Former Guyana Gold Board Chairman and outspoken columnist GHK Lall has issued a fiery response to Vice President Bharrat Jagdeo’s directive that the Guyana Police Force (GPF) and the Guyana Revenue Authority (GRA) investigate alleged links between government officials and the Mohameds’ gold smuggling network, an investigation that reportedly includes Lall himself.
The development follows a Demerara Waves report on October 16 titled “Jagdeo instructs GRA, police probe of government officials for Mohameds gold smuggling allegations link.”
Lall, in an op-ed, welcomed the investigation but warned that the probe could expose far more than the government anticipates.
“I am glad that Dr. Jagdeo has initiated this step. Let it lead where it leads, let the chips fall where they do,” Lall stated.
Jagdeo, according to the report, called for “a full-fledged investigation” into individuals from the Guyana Gold Board, explicitly naming Lall and others “who may have been complicit in assisting the Mohameds to (allegedly) evade the massive sum of taxes.”
Lall, who served as Gold Board Chairman between 2017 and 2020, said he is ready to cooperate fully, while sharply criticizing what he views as a politically motivated smear campaign.
“The Guyana Police Force is free to launch, to conduct, any ‘full-fledged investigation’ of GHK Lall. That’s me, and they know where to find me,” he declared.
“It seems that GHK Lall is the sum of state officials in Guyana from 2017 to 2024, i.e., in a PNC Government and four years of a PPP Government. It is a distinction that I take with mixed feelings.”
The columnist accused the government of engaging in repeated “witch hunts” since returning to power in 2020, claiming that his public criticism of the administration has made him a target.
“From the hour that the PPP retook the reins of government in August 2020, GHK Lall was among the highest of its priorities,” he wrote.

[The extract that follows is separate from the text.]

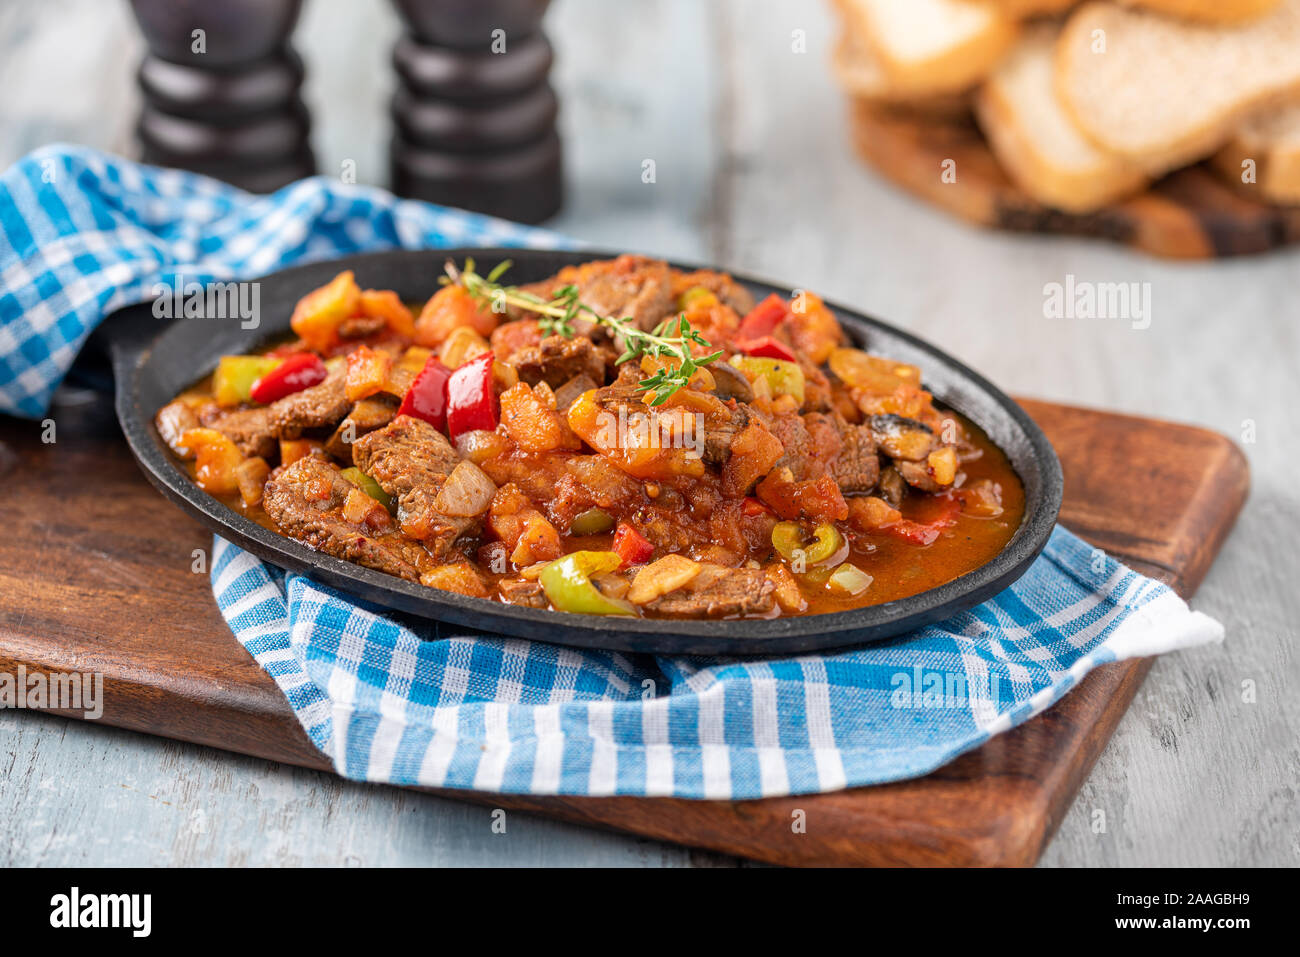 Beef stew with potatoes, carrots and herbs in iron casserole, top view Stock Photo

“Within weeks there was what was called an investigation into the Guyana Gold Board ops… I call it what it was: a witch hunt, the first of several.”
Lall further argued that despite more than five years of political and administrative scrutiny, no evidence of wrongdoing has ever been found against him.

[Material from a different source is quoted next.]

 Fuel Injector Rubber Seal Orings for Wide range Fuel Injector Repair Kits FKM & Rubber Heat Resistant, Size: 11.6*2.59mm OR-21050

“The PPP Government of Bharrat Jagdeo has had over five and a half years to peek and probe, to investigate and regurgitate… Yet, here I am still standing, by grace,” he said.
Turning his attention directly to the Vice President, Lall warned that the move to investigate him could backfire.
“This will turn out to be more than Dr. Jagdeo bargained for, because it will be his Guyana Police Force that is more under scrutiny than me,” he asserted.
“I can assure Vice President Jagdeo that the can of worms that he thinks he is opening will put he himself and his government under the sharpest scrutiny.”
Concluding his commentary, Lall reiterated his confidence that truth will ultimately prevail:
“Know the truth and the truth shall set free. Better yet, live those same truths and there is no reason to fear any man… Remember: when the truth is known and lived, the truth will set free.”
The probe comes amid widening fallout from U.S. federal investigations into large-scale gold smuggling from Guyana, allegedly involving politically connected business figures Azruddin and Nazar Mohamed. Lall’s inclusion in Jagdeo’s public call for a police probe signals a new phase in the controversy—one that, by his own admission, could “open a can of worms” for the government itself.